The paper showcases the versatility and scalability of Persona Hub through various use cases:

Mathematical and Logical Reasoning Problems: LLMs prompted with personas generated diverse mathematical problems. Fine-tuning Qwen2-7B with 1.07 million synthesized math problems led to an impressive 64.9% accuracy on the MATH benchmark, rivaling models like gpt-4-turbo-preview at just a 7B scale.
Instructions (User Prompts): By simulating diverse user requests, the methodology generated rich instruction datasets, contributing to the enhancement of LLM instruction-following capabilities.
Knowledge-rich Texts: Employing personas to guide the generation of detailed plain texts ensures the coverage of a vast array of knowledge domains, instrumental for both pre-training and post-training phases of LLMs.
Game NPCs: The methodology excels at creating intricate and contextually relevant NPCs for games, reducing manual character design workload.
Tool (Function) Development: Anticipating user needs through persona-driven synthesized tools can significantly extend LLMs' functionalities, offering a dynamic approach to addressing user queries.

Evaluation and Results

The effectiveness of persona-driven synthetic data creation is evidenced by strong numerical results. For instance, using the persona-driven synthesis approach, the model fine-tuned on 1.07 million synthesized math problems achieved a notable 64.9% on MATH, indicating the high quality of data produced by this methodology. Furthermore, evaluation on both in-distribution and out-of-distribution test sets demonstrated the robustness and versatility of the approach across various datasets.

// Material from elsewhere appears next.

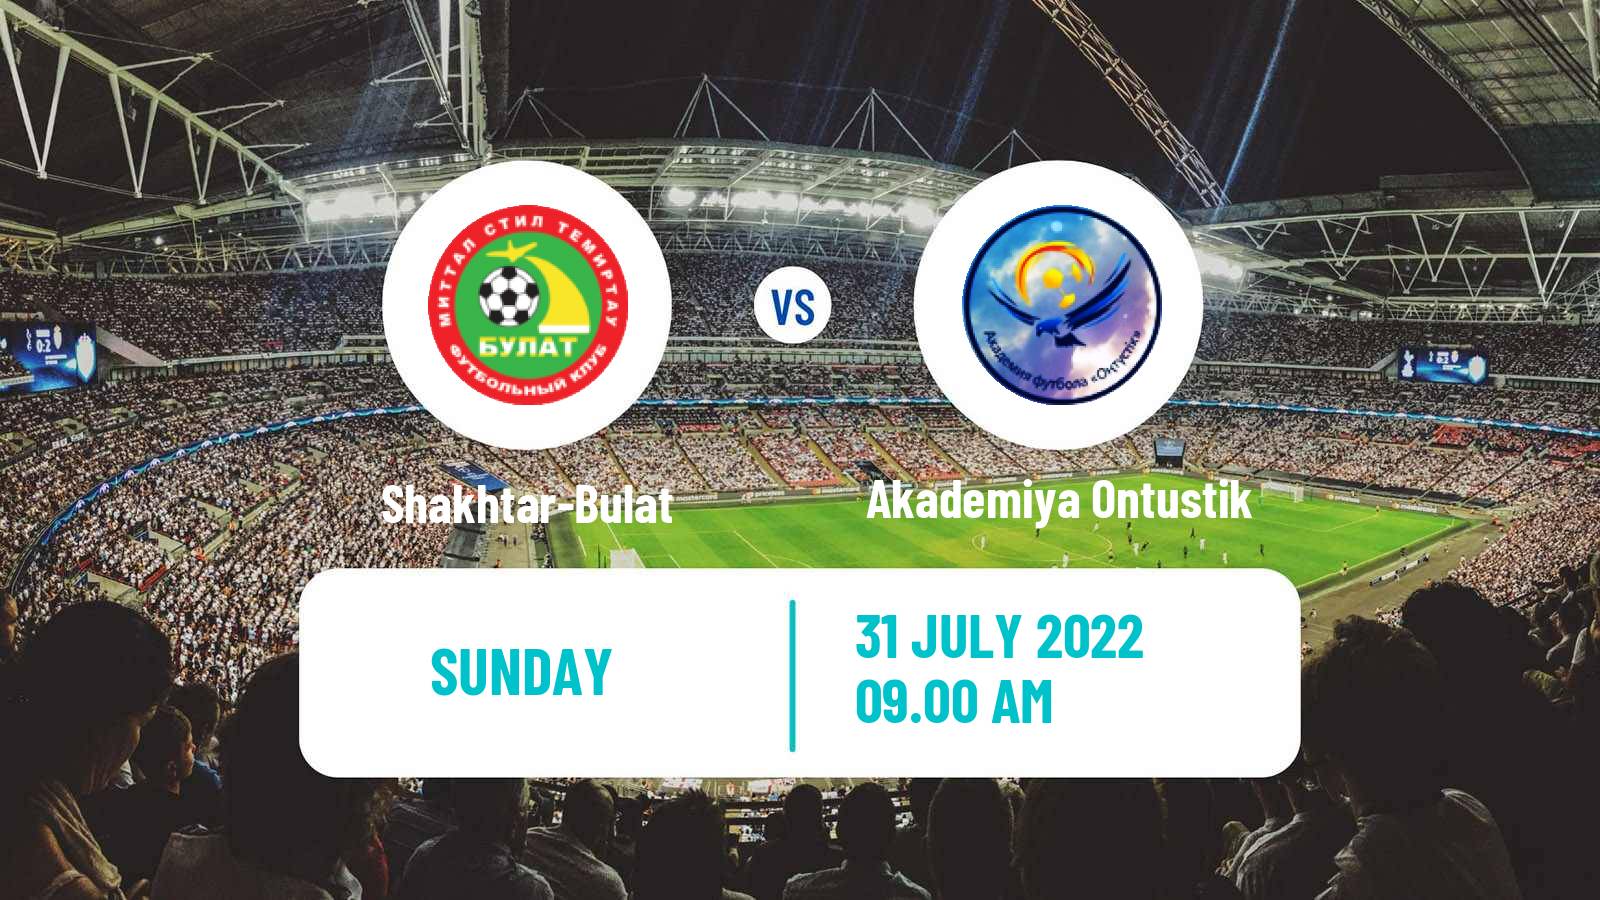 Soccer Kazakh First Division Shakhtar-Bulat - Akademiya Ontustik

Implications and Future Directions

Practical Implications:

Data Creation Paradigm Shift: The persona-driven approach suggests a potential shift from human-centric data creation to LLM-driven synthesis, leveraging the expansive persona hub to generate diverse, high-quality datasets.
Training Data Security Risks: The methodology has raised concerns about training data security as extensive extraction of an LLM’s memory could lead to data leakage, challenging the standing of proprietary LLMs.
Simulation of Real-world Interactions: Persona Hub enables the simulation of a diverse array of real-world interactions, offering unprecedented insights into user behavior, policy impacts, and complex system dynamics in virtual spaces.

Theoretical Implications:

Distributed Carrier-based Compression: This paradigm of treating personas as distributed carriers of knowledge provides a new lens for understanding and working with LLMs, potentially allowing for full-memory access of LLMs through comprehensive synthetic data extraction.
Scalability in Multimodal Contexts: While the paper primarily focuses on text-based data synthesis, the proposed methodology holds potential for extending to multimodal LLMs, paving the way for advanced synthetic data generation in visual, audio, and interactive domains.

Future Work:

The authors plan to refine Persona Hub further by enriching persona descriptions, aiming for a granular and detailed level akin to individual Wikipedia articles. They anticipate exploring multimodal LLMs for creating synthetic data across multiple domains and investigating super personas to explore tapping the super intelligence of LLMs.

Conclusion

This paper presents a detailed and systematic approach to scaling synthetic data creation using a massive collection of personas. It highlights significant advancements in LLM capabilities and points toward a future where LLMs not only process but also create high-quality data autonomously. The research demonstrates strong empirical results and opens up new avenues for leveraging LLMs in diverse application fields, emphasizing the broad practical and theoretical implications of the persona-driven data synthesis methodology.